In [1]:

%matplotlib inline
from IPython.html.widgets import interact
from scipy import  stats
import seaborn as sns
import pandas as pd

Previously, we talk about maximum likelihood estimation and maximum a-posteriori estimation and in each case we started out with a probability density function of some kind and we further assumed that the samples were identically distributed and independent. The idea behind robust statistics is to construct estimators that can survive the weakening of either or both of these assumptions.

The first idea to consider is the notion of location, which is a generalization of the idea of "central value". Typically, we just use an estimate of the mean for this, but we will see shortly why that is a bad idea. The general idea of Location satisfies the following requirements

Let $ X $ be a random variable with distribution $ F $, and let $\theta(X)$ be some descriptive measure of $F$. Then $\theta(X)$ is said to be a measure of location if for any constants a and b, we have the following:

$$ \theta(X+b) = \theta(X) +b $$$$ \theta(-X) = -\theta(X)$$$$ X \ge 0 \Rightarrow \theta(X) \ge 0 $$$$ \theta(a X) = a\theta(X) $$

The first condition is called location equivariance (or shift-invariance in signal processing lingo). The fourth condition is called scale equivariance, which means that the units that $X$ is measured in should not effect the value of the location estimator. These Requirements capture the idea of what we intuitively mean by centrality of a distribution, or where most of the probability mass is located.

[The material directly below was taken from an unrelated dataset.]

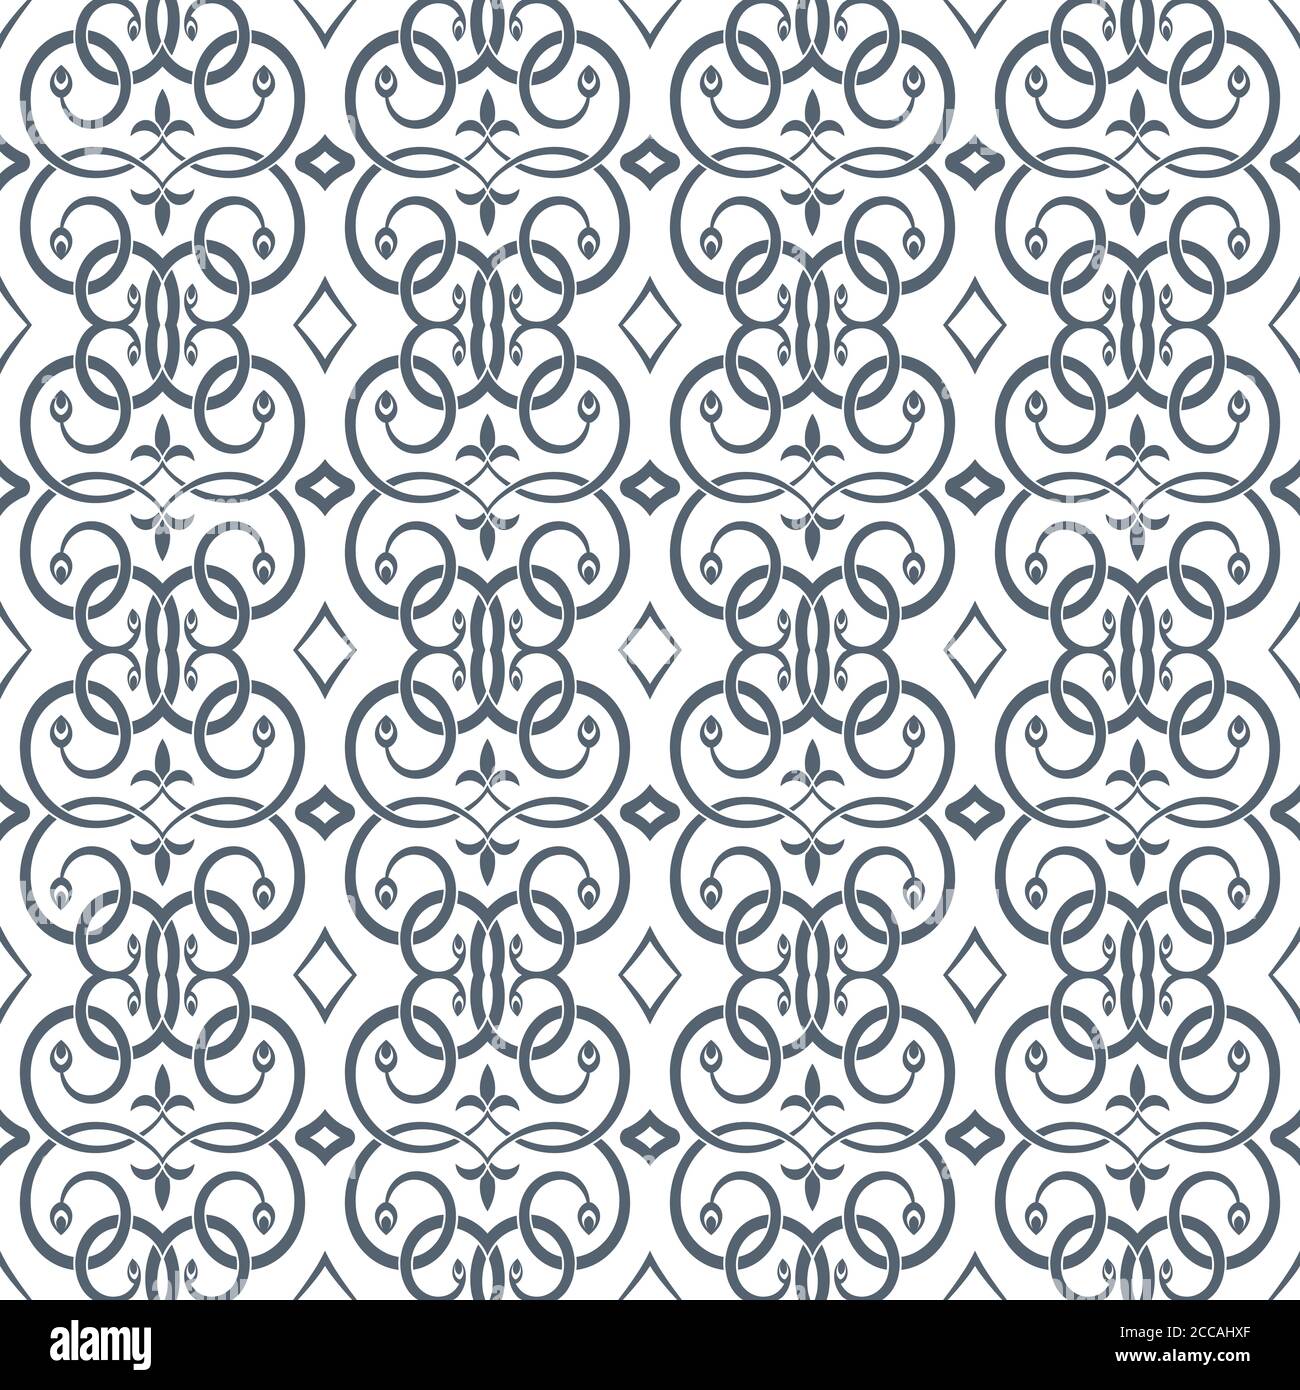 Nahtloses Muster im arabischen Stil. Abstrakte Tapete. Islamische Struktur. Regelmäßig wiederholende Fliesen mit sich schneidenden geschwungenen Linien. Vektorelement von gr Stock Vektor

For example, the mean estimator is $ \hat{\mu}=\frac{1}{n}\sum X_i $. The first requirement is obviously satisfied as $ \hat{\mu}=\frac{1}{n}\sum (X_i+b) = b + \frac{1}{n}\sum X_i =b+\hat{\mu}$. Let us consider the second requirement:$ \hat{\mu}=\frac{1}{n}\sum -X_i = -\hat{\mu}$. Finally, the last requirement is satisfied with $ \hat{\mu}=\frac{1}{n}\sum a X_i =a \hat{\mu}$.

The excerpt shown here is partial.